SKETCH OF DR. J. LAWRENCE SMITH. |
WE give, this month, an excellent portrait of one of the most active and accomplished of our American scientists, one who has not only extended the boundaries of knowledge by his researches in the various fields of investigation to which he has devoted himself, but who has been a missionary of science to one of the old Oriental countries, and labored successfully to diffuse its benign influences among a semi-barbarous people.

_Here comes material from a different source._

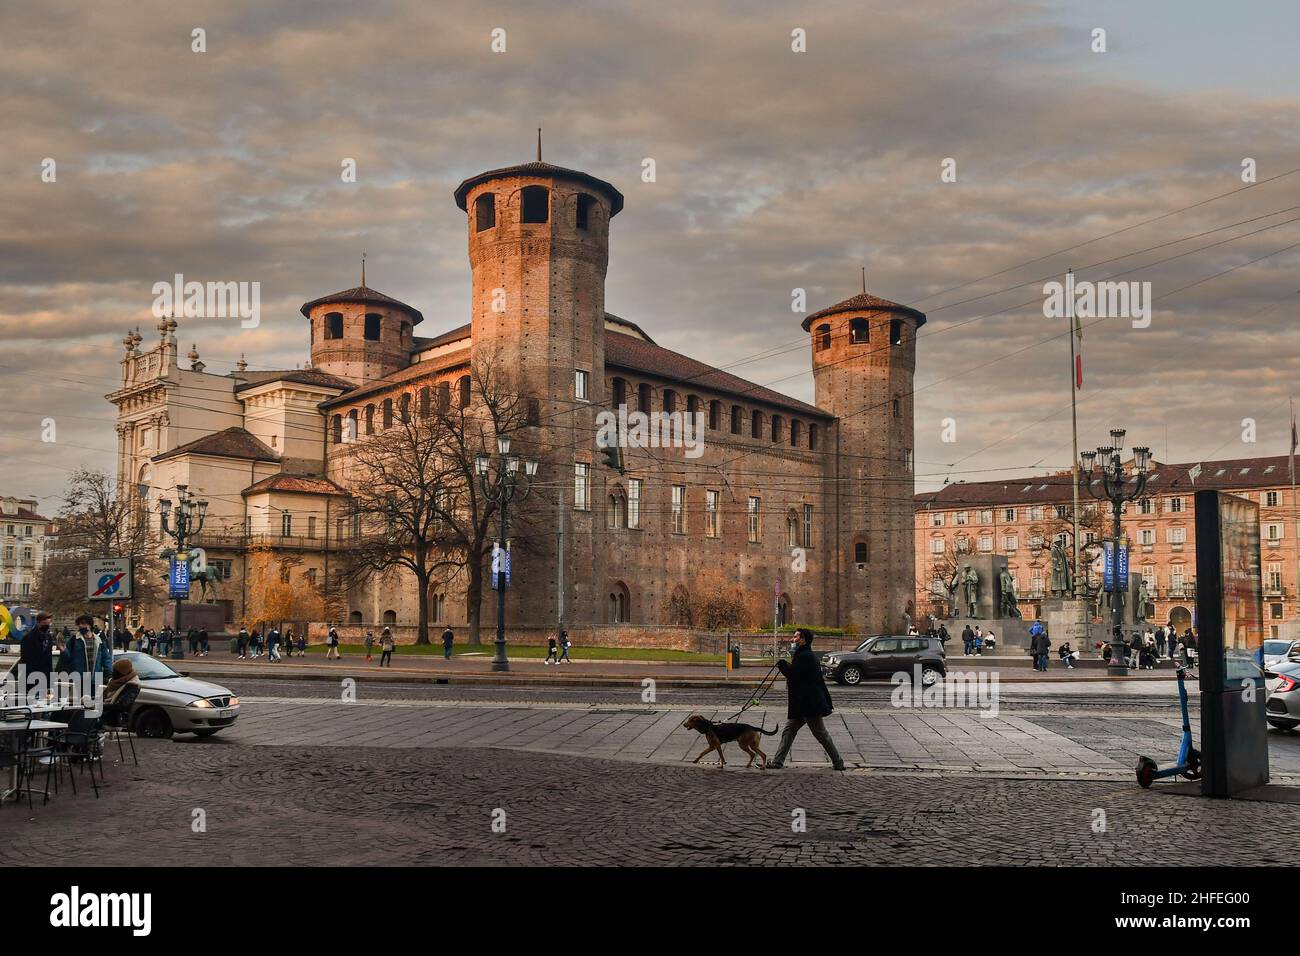 Complexe architectural de Casaforte degli Acaja et Palazzo Madama sur la Piazza Castello, la place principale de Turin, au coucher du soleil en hiver, Piémont, Italie Banque D'Images

J. Lawrence Smith was born December 16, 1818, near Charleston, South Carolina. His father, Benjamin Smith, was a Virginian, who had removed to South Carolina. The subject of this brief memoir received a classical education in the Charleston College, after which he was sent to the University of Virginia. At this institution he enjoyed facilities for the indulgence of his taste in the acquisition of knowledge in that department for which he had in early life shown a decided predilection—pure mathematics. In the later part of his academic career, he devoted himself to the higher branches of physics, mixed mathematics, and chemistry, pursuing the latter somewhat in the form of a recreation.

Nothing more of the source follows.